Phonak Remote Support will fit into return to business in a variety of ways, but may look different for each patient. “There are various tools available that can support audiologists as they begin to reopen their practices and incorporate Remote Support,” said Dr. Blackburn.
- The Phonak Back to Business plan guides providers through re-opening their practice and implementing a blended clinical care model that integrates eAudiology into their daily practice.
- Phonak BRIDGE (Blended Real-Time Interactions and Digital-Guided Experiences) guides providers through a blended care model for a variety of patient profiles. Depending on the level of social restriction and the patient’s profile, each step of the hearing care journey can be modified to fit the individual’s needs.
These guides review Phonak Remote Support, use of Personal Protective Equipment (PPE), digital service delivery and other adapted services, such as curbside care and in-home care.

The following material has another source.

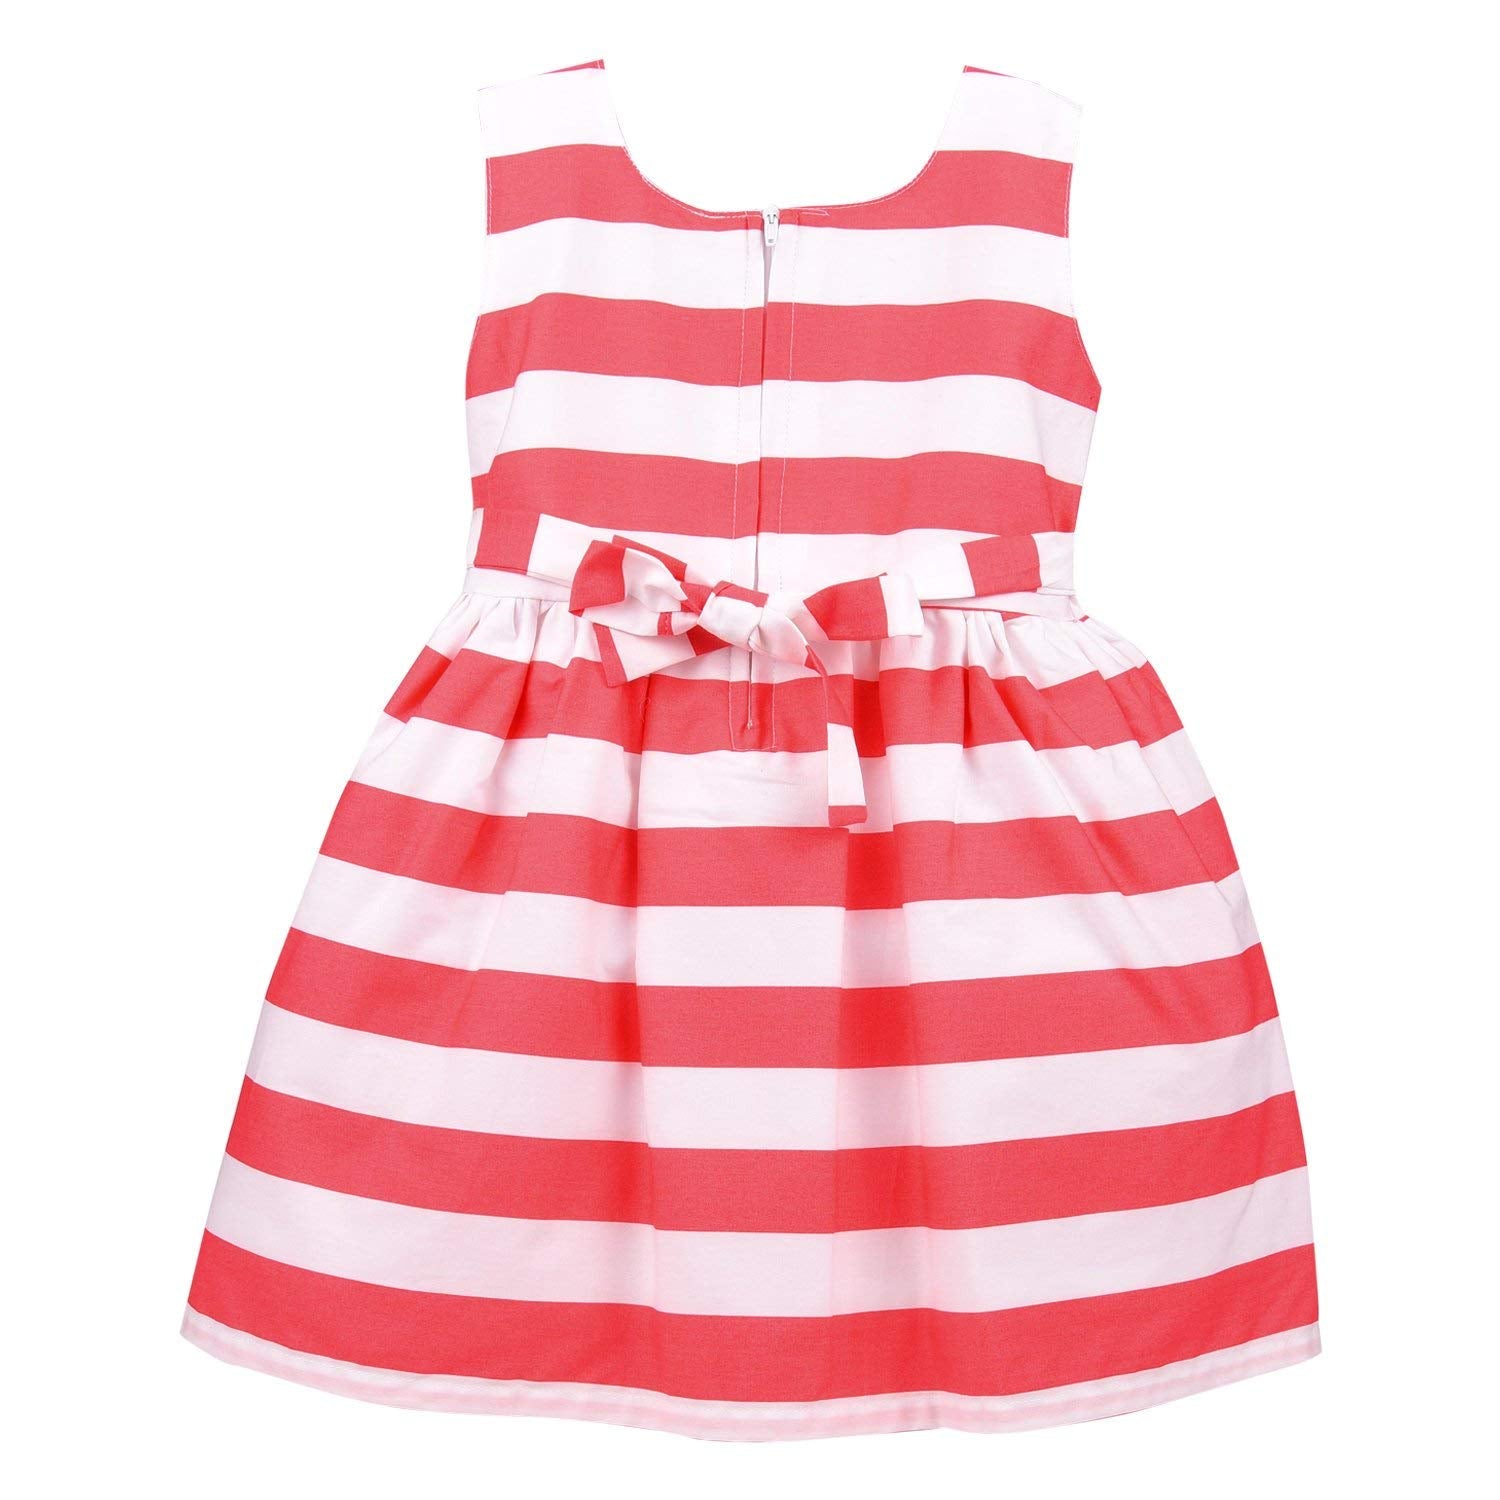 Baby Girls Party wear Frock Dress ctn265tm - Wish Karo Cotton Wear - frocks Cotton Wear - baby dress

Even though some research and practical experience may still be required, it has already been widely demonstrated that eAudiology works well and offers some definite advantages.³ “It will never completely replace in-person patient care — but that is not the intention,” said Dr. Blackburn. “It may not be suitable for every patient, but it can open opportunities for hearing care professionals to reach patients and offer services that they may not have been able to before.”
Many of your patients may be looking for hearing solutions, and they would be interested in Remote Support. Dr. Blackburn said, “More than ever, your patients are relying on their hearing health to stay connected – hearing their families and medical professionals, talking on the phone, listening to news and television. Offering them an eAudiology solution balanced with in-person appointments might be the key.”